=== What you should do ===
Provide an exact copy of the data, excluding the images.

=== Recorded data ===

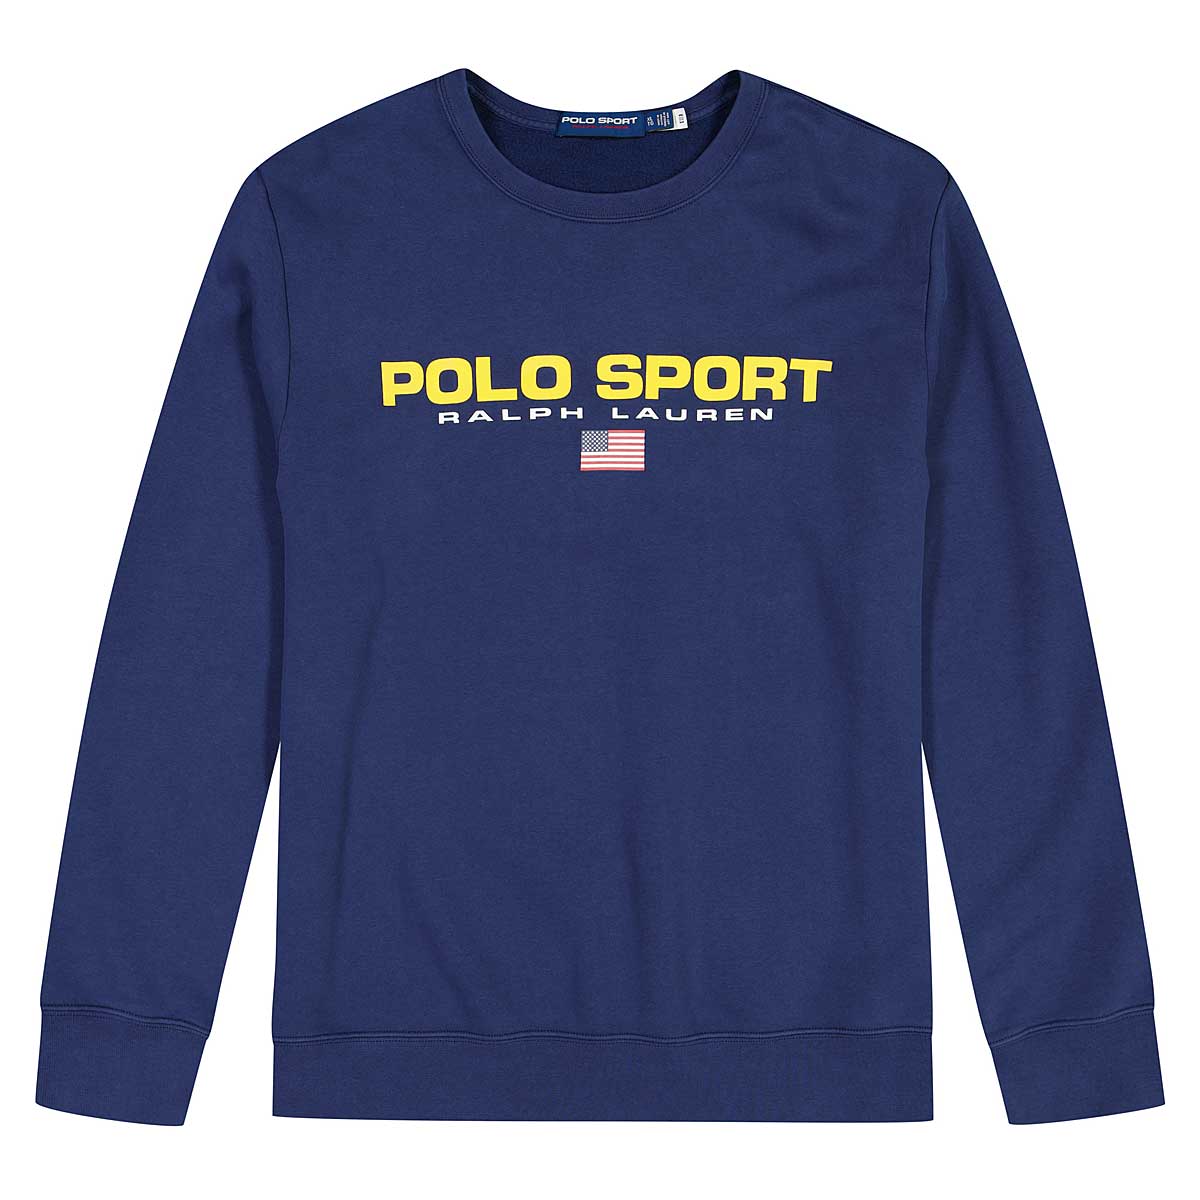 Polo Ralph Lauren Polo Sport Sweatshirt, Dark Cobalt
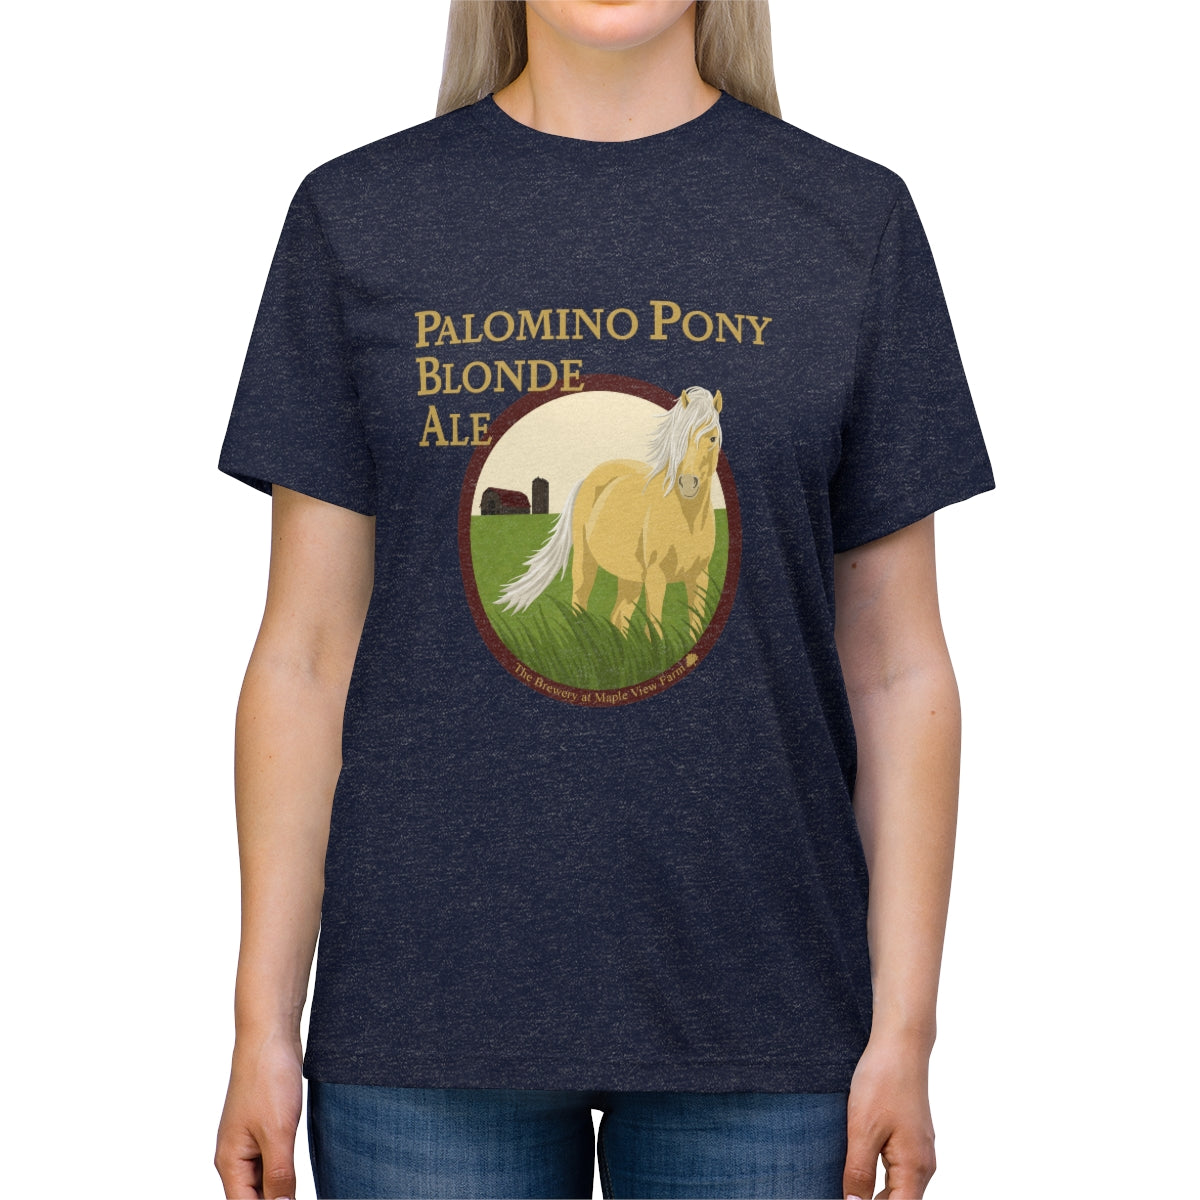 Palomino Pony Blonde Ale
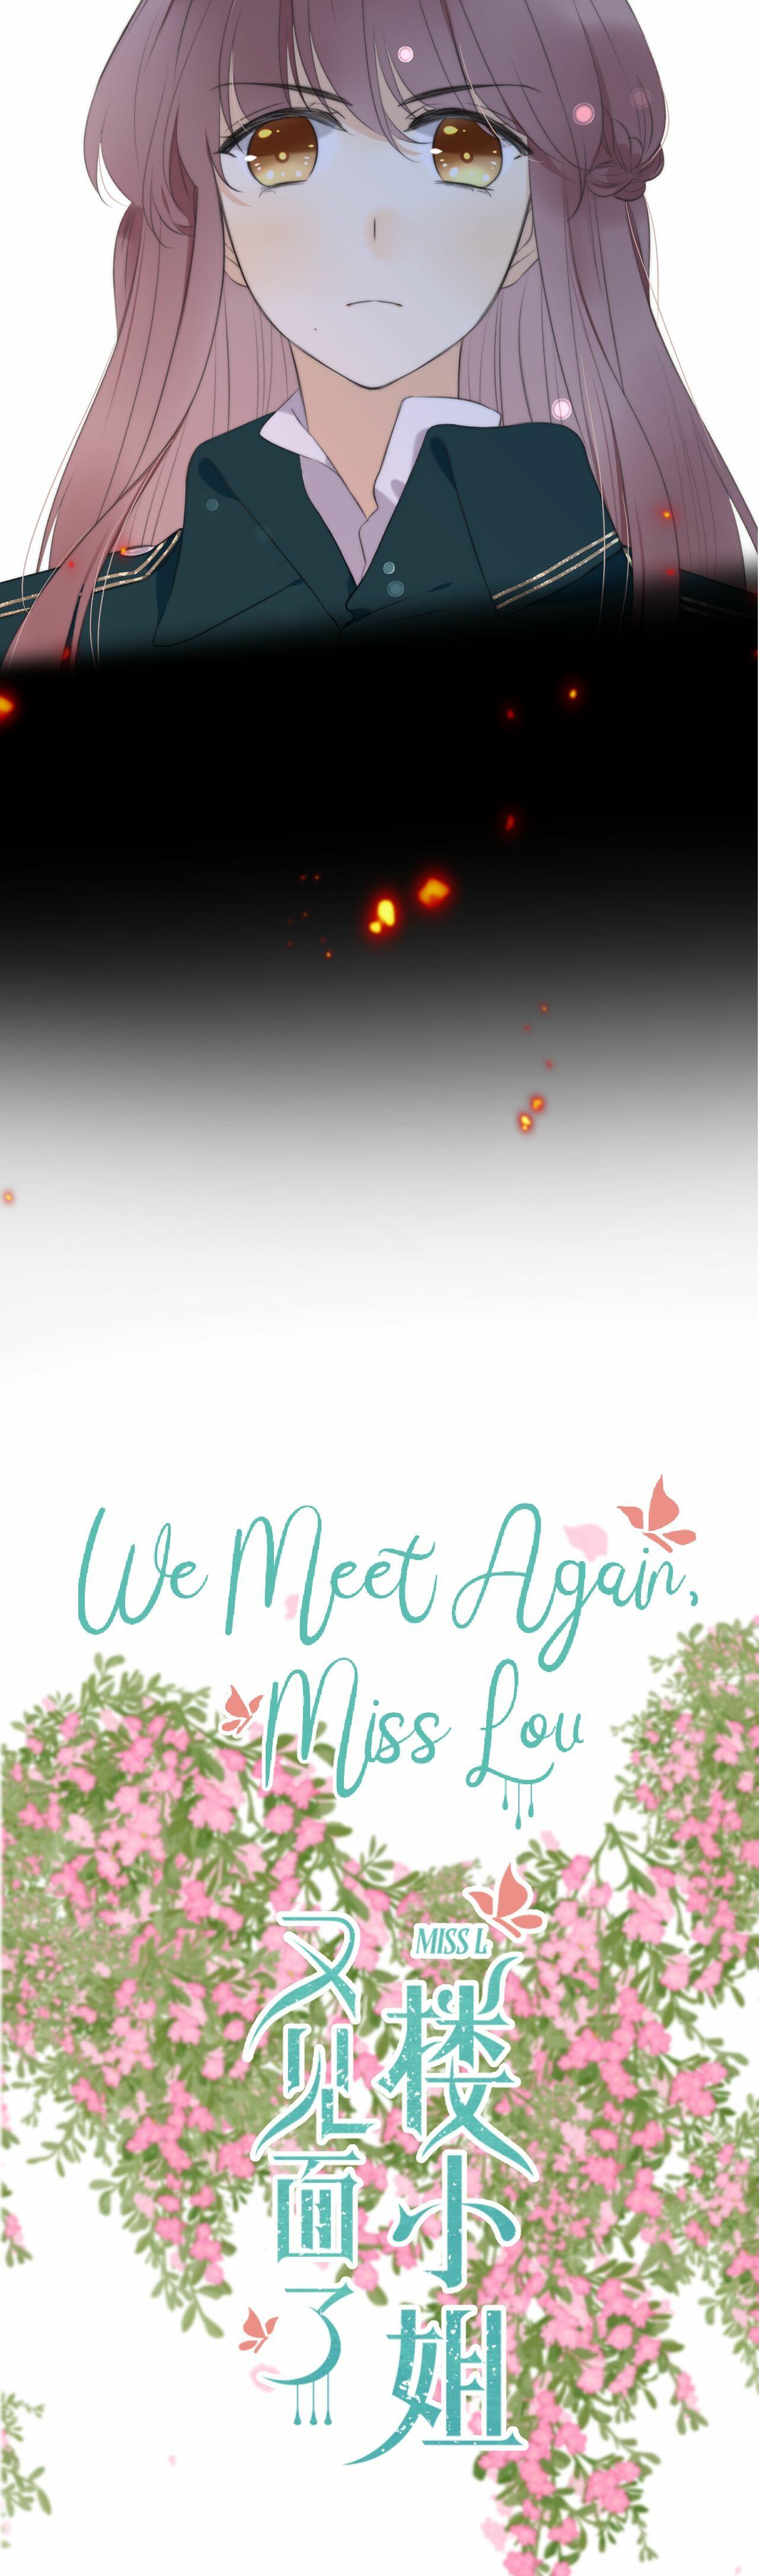 We Meet Again, Miss Lou Ch.34.1 Page 7 - Mangago
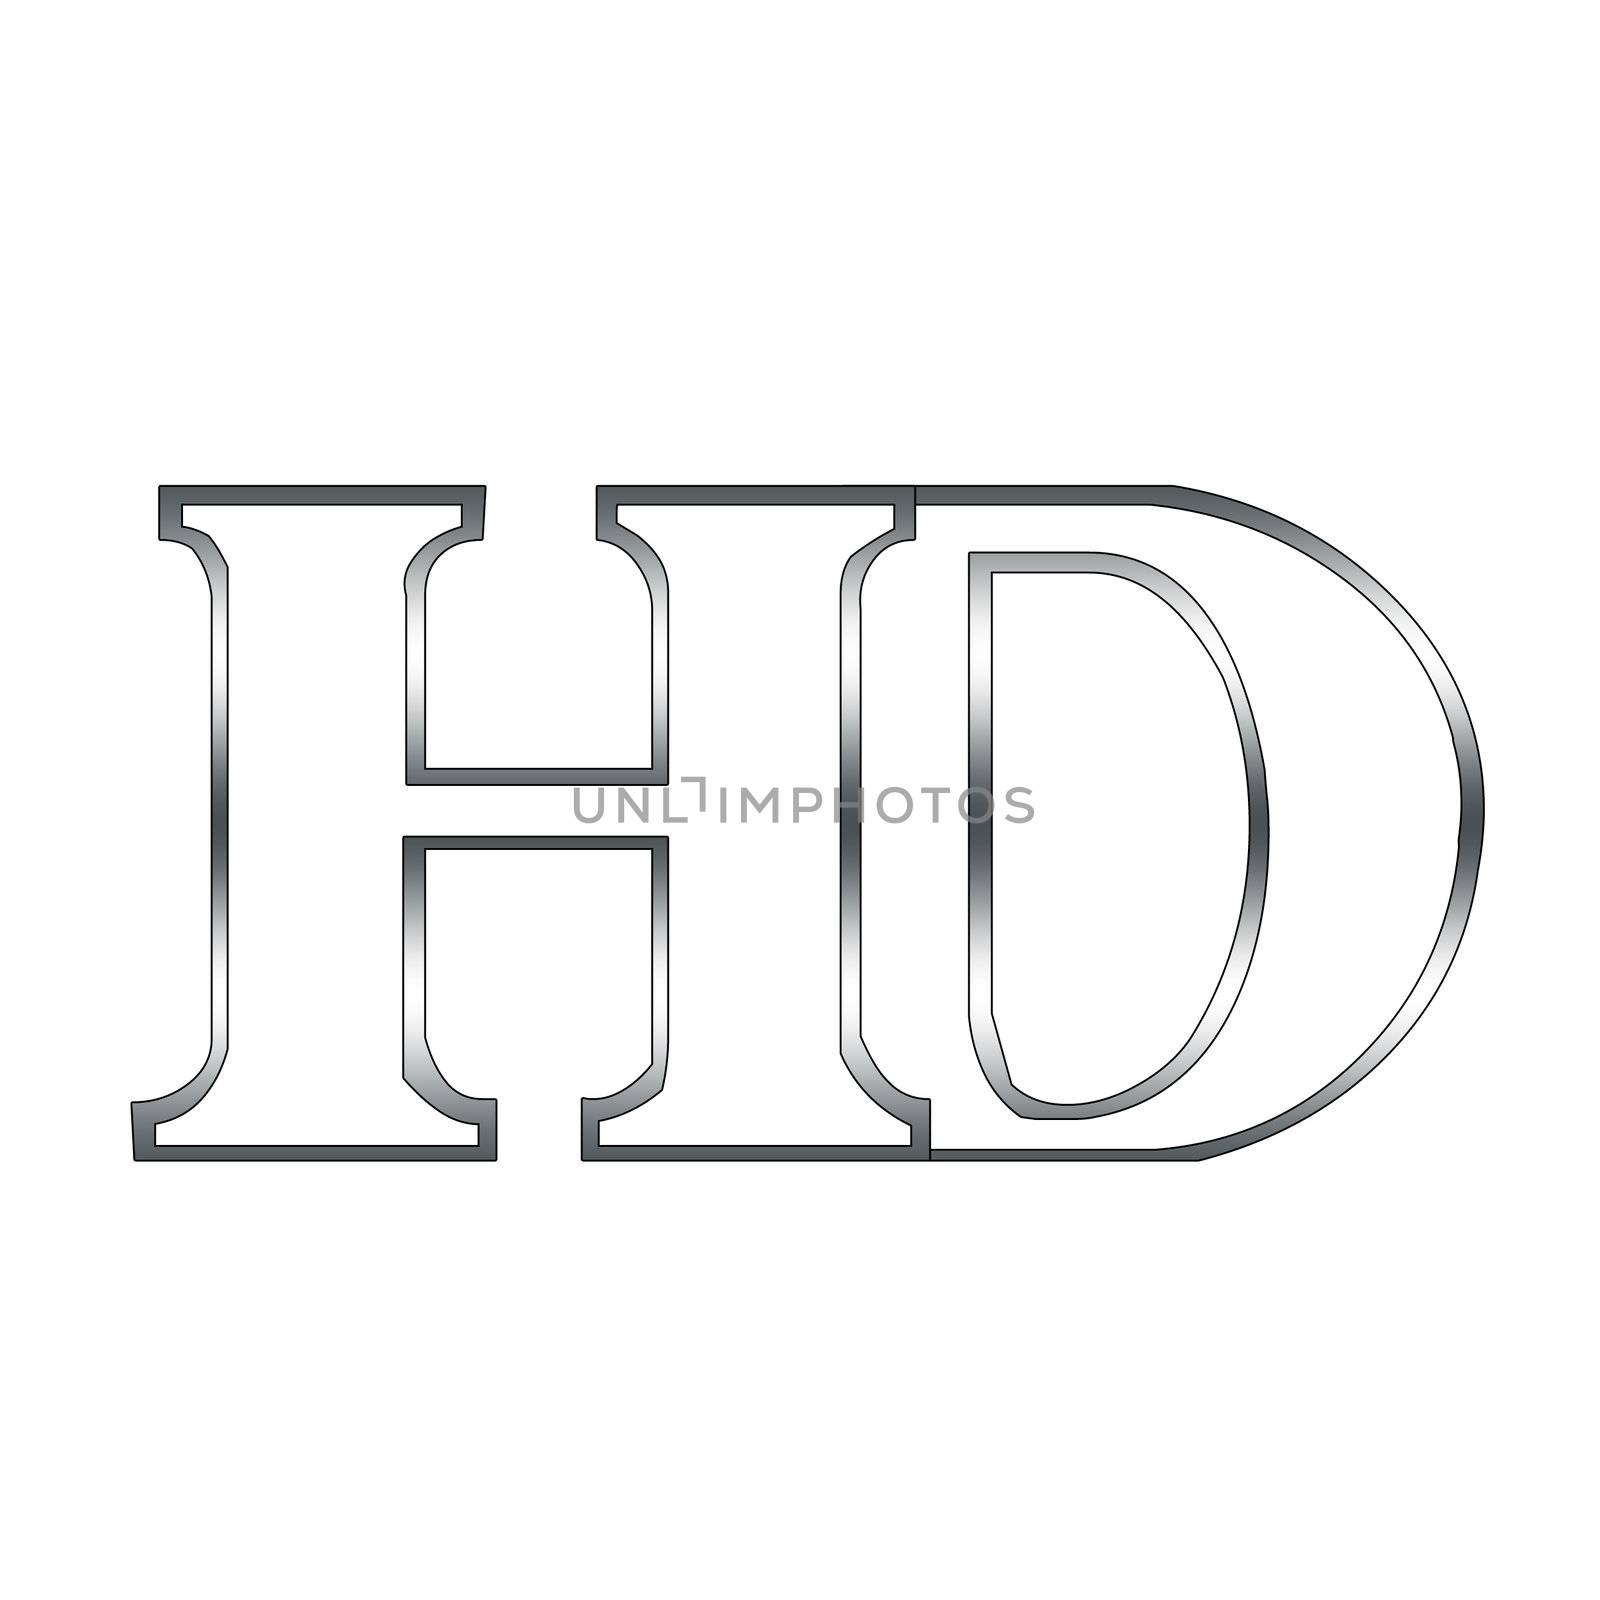 H and D logo by shawlinmohd

=== Result for this task ===
 Polo Ralph Lauren Polo Sport Sweatshirt, Dark Cobalt
 Palomino Pony Blonde Ale
 We Meet Again, Miss Lou Ch.34.1 Page 7 - Mangago
 H and D logo by shawlinmohd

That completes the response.